_Collected material:_
========
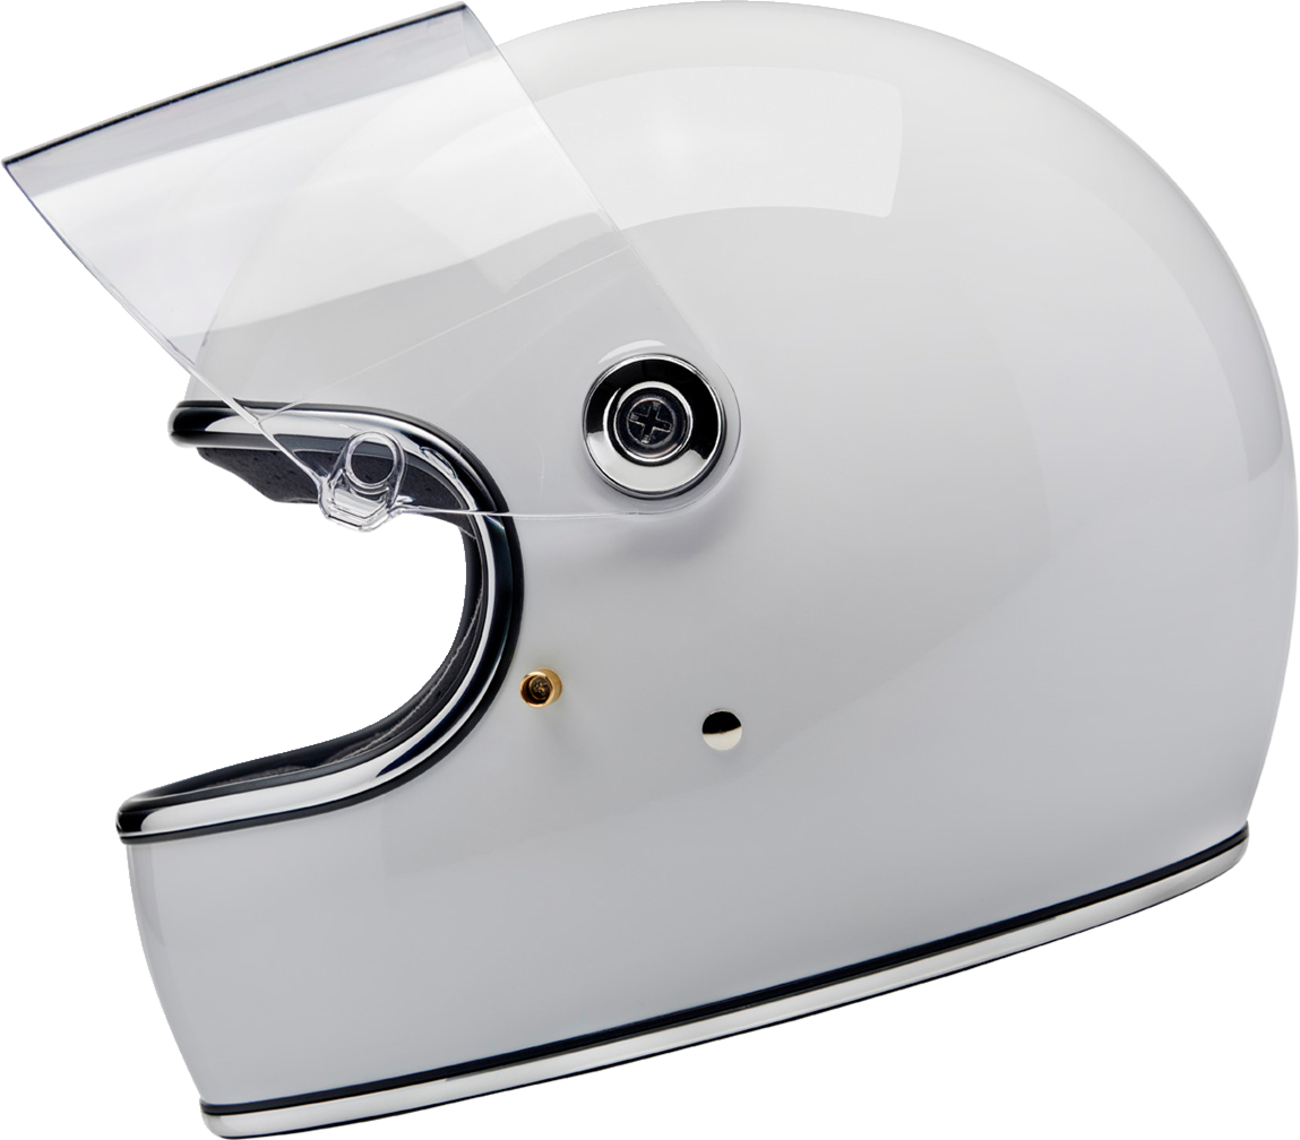 BILTWELL Gringo S Helmet - Gloss White - 2XL 1003-102-506
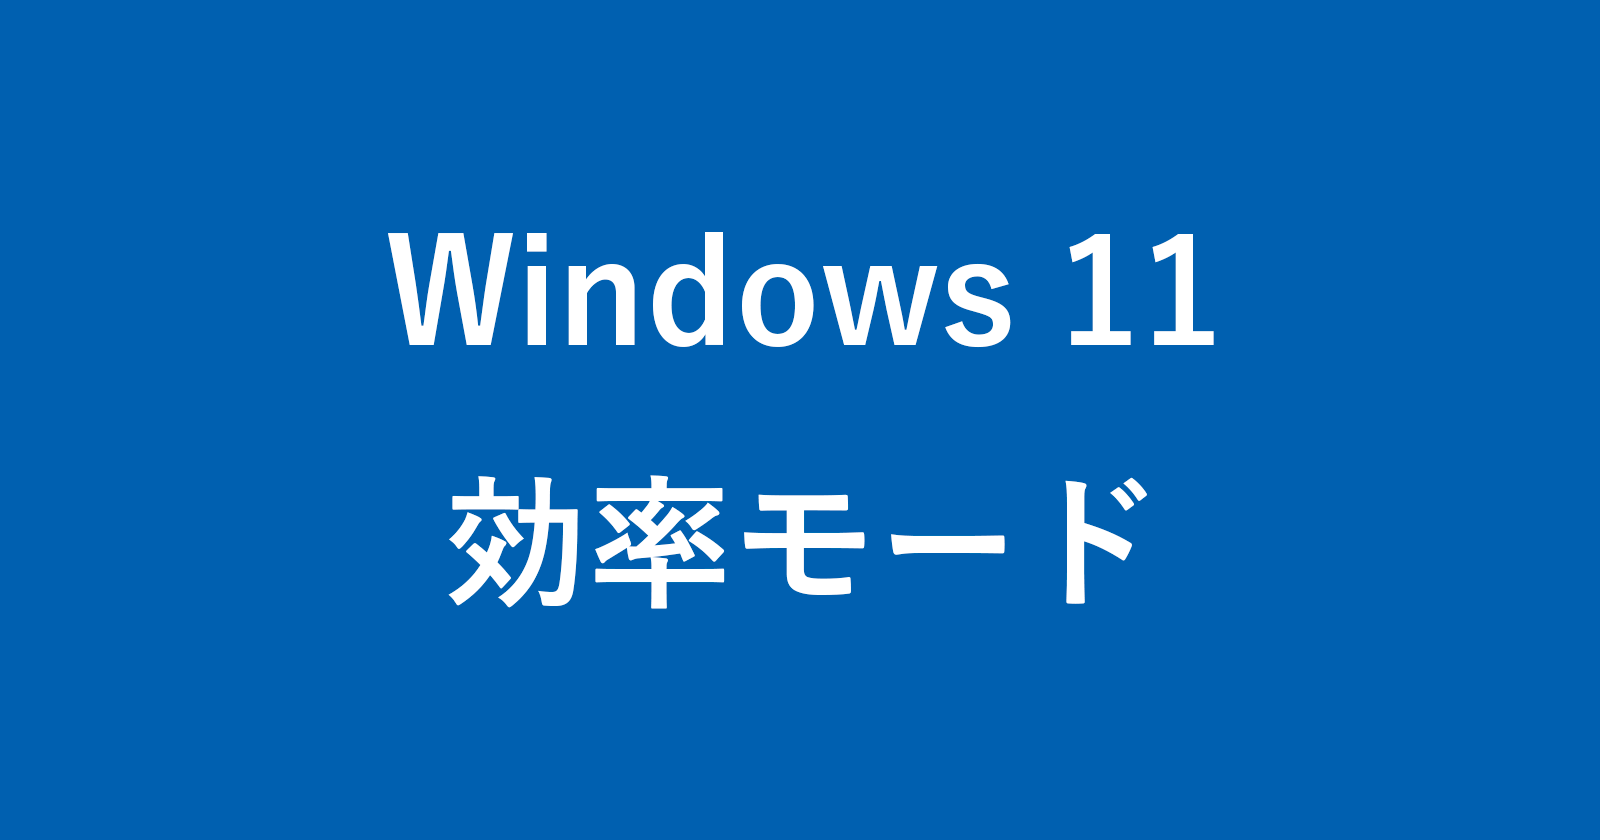 windows 11 efficiency mode
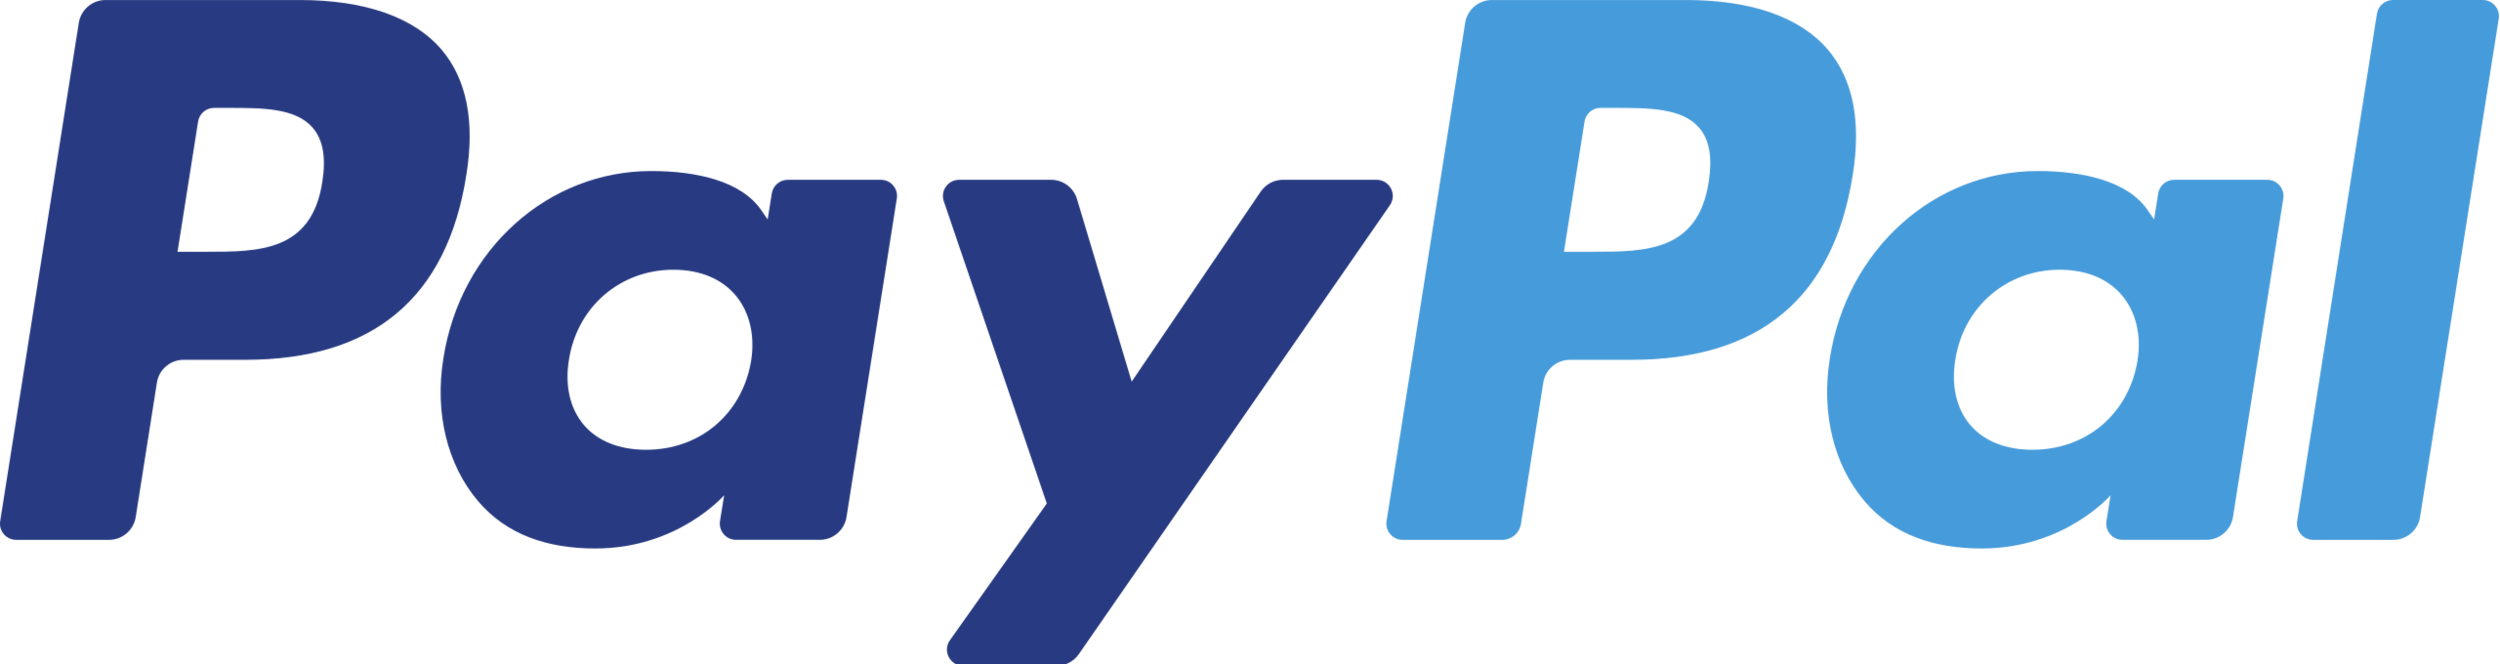 2560px-PayPal_logo.png
========
_The task:_ Once the pictures are removed, repeat all of the data above exactly.

_Result below:_
 BILTWELL Gringo S Helmet - Gloss White - 2XL 1003-102-506
 windows 11 efficiency mode
 2560px-PayPal_logo.png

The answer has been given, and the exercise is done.